#### [Information provided]
== Segment start ==

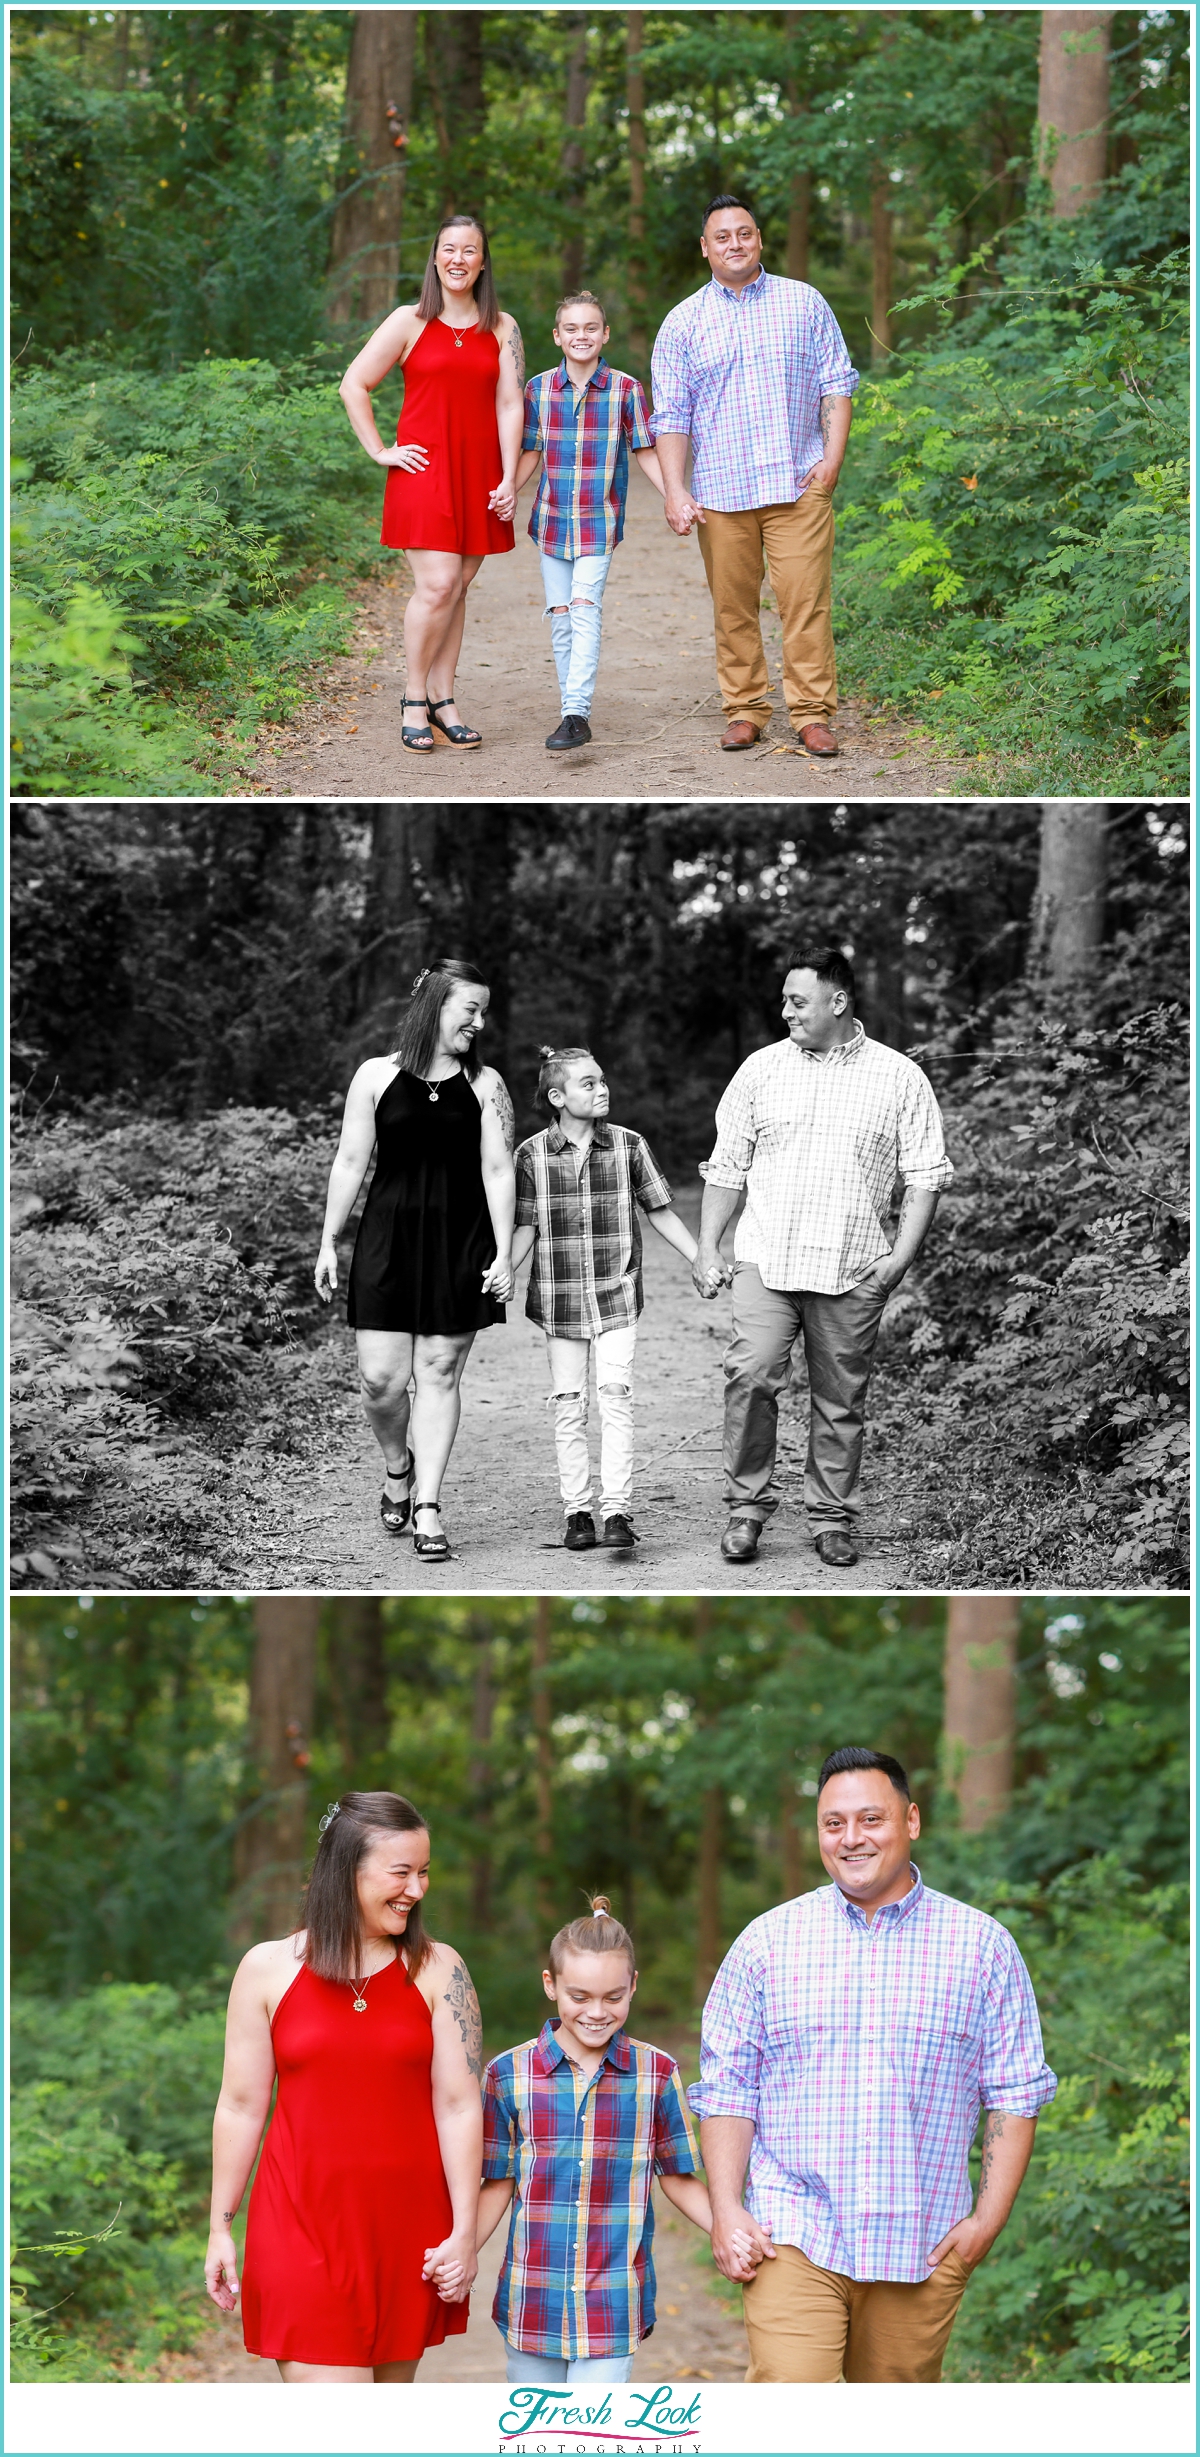 Fun Family Photos in the Woods
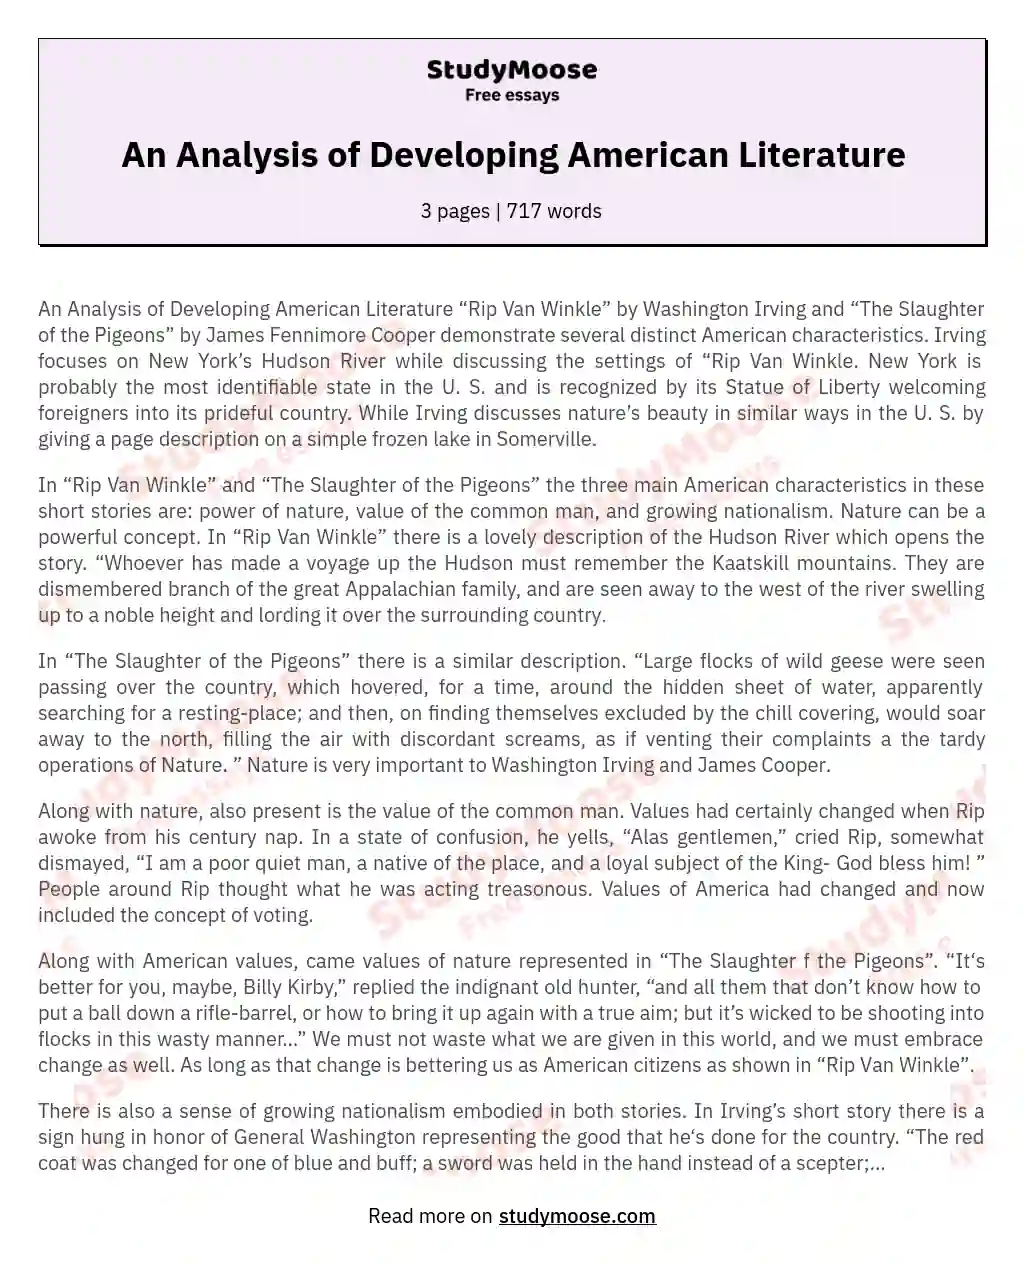 An Analysis of Developing American Literature essay
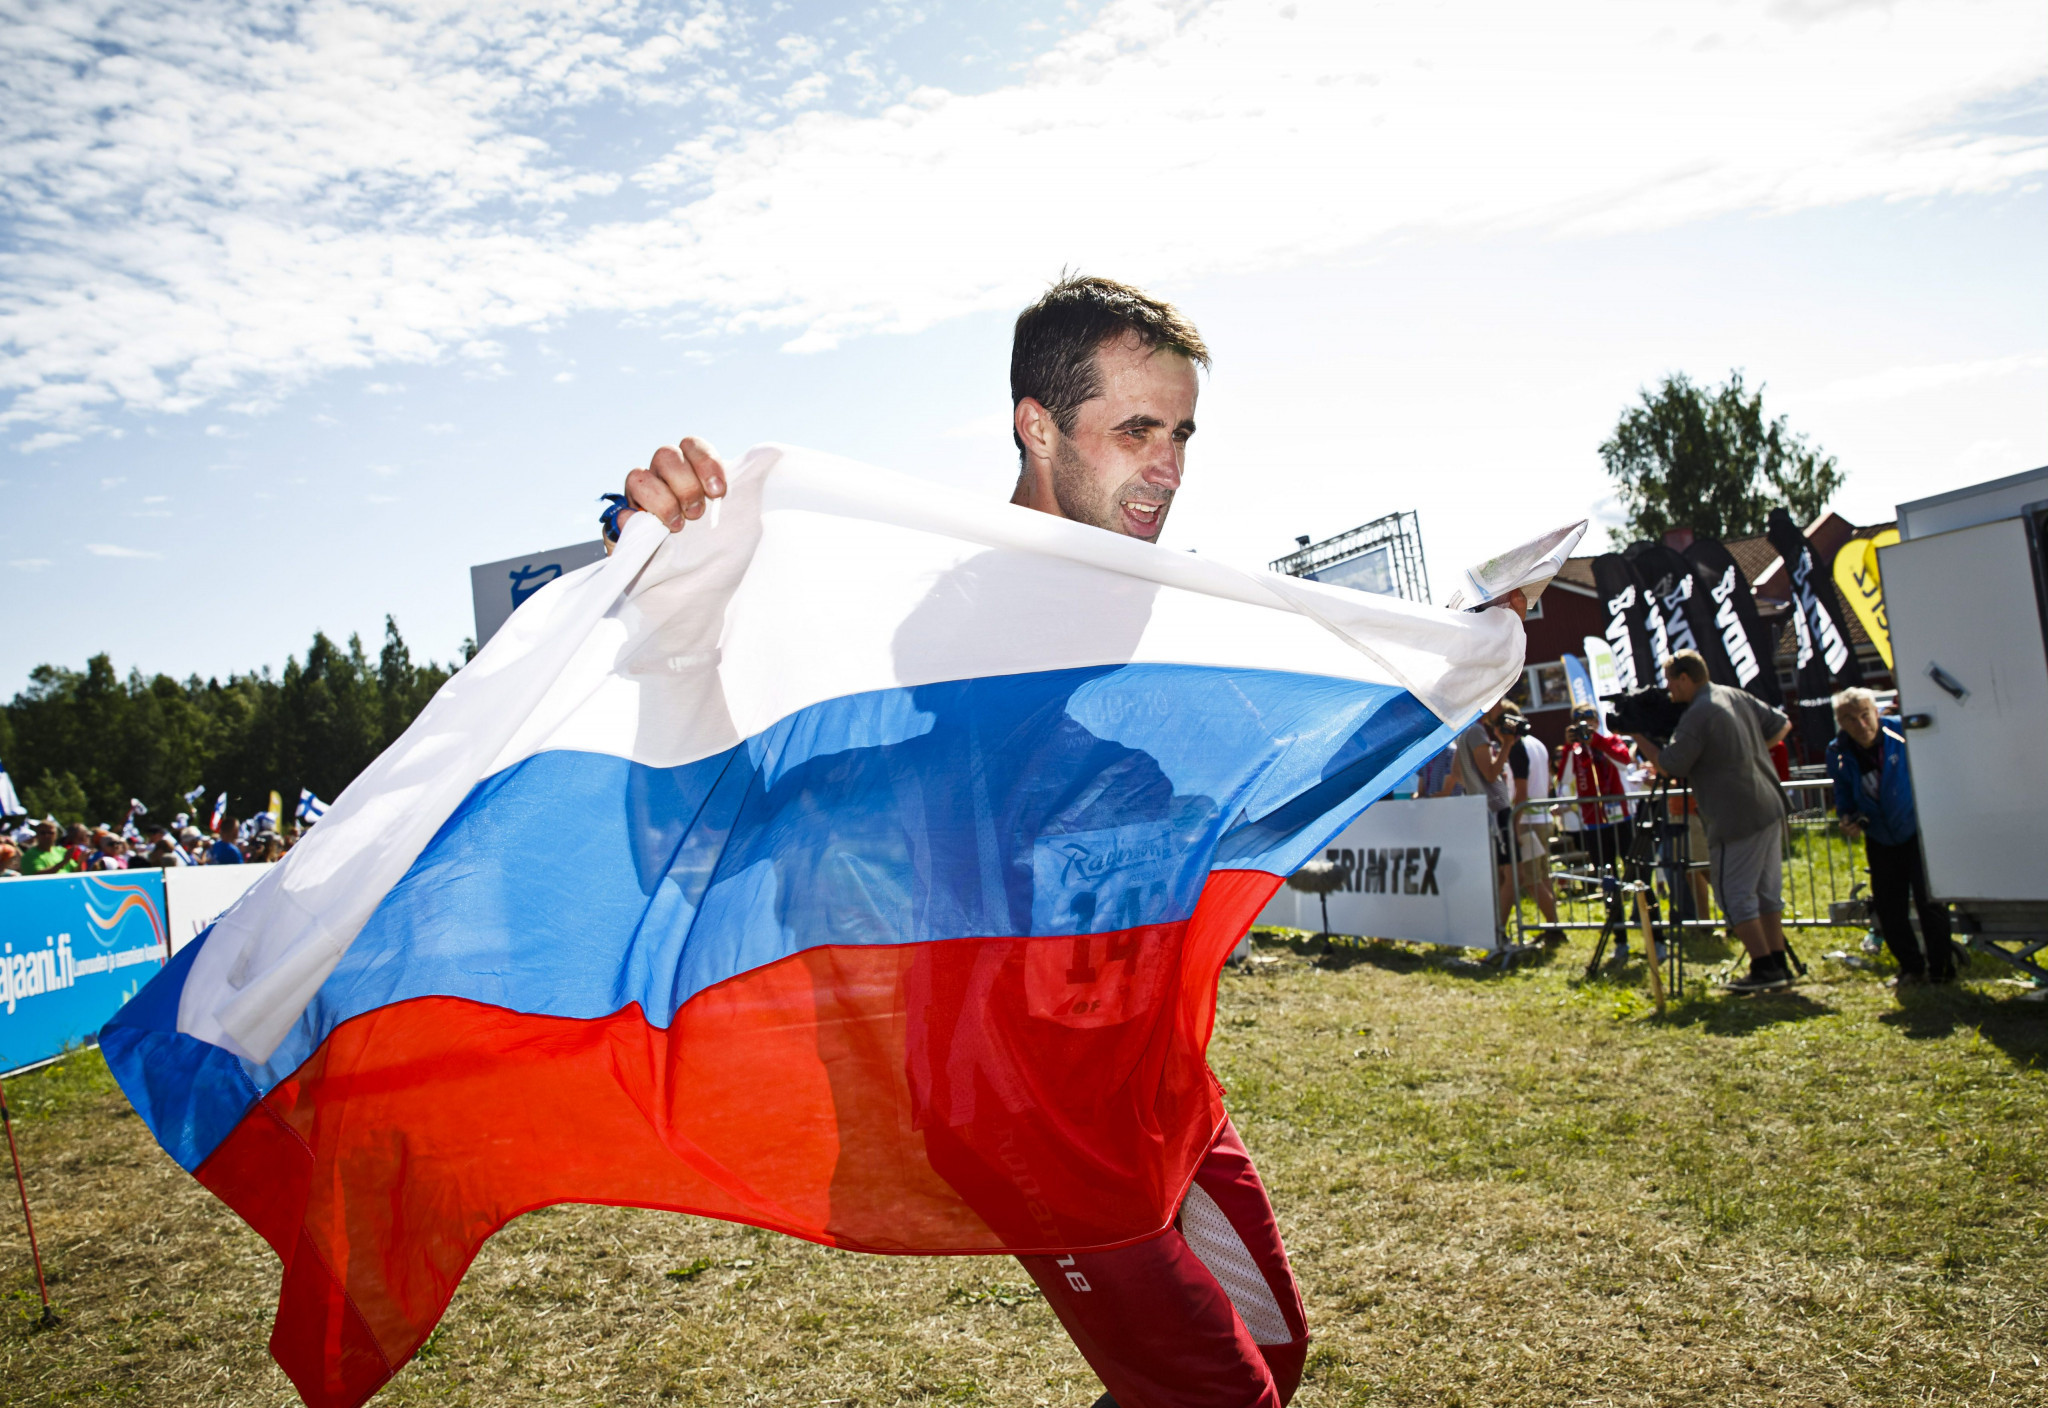 Russia will be banned from competing in sports such as orienteering ©Getty Images

== Segment end ==

#### [Exercise prompt]
With the pictures left out, return the listing above exactly as it stands.

#### [Written solution]
 Fun Family Photos in the Woods
 An Analysis of Developing American Literature essay
 Russia will be banned from competing in sports such as orienteering ©Getty Images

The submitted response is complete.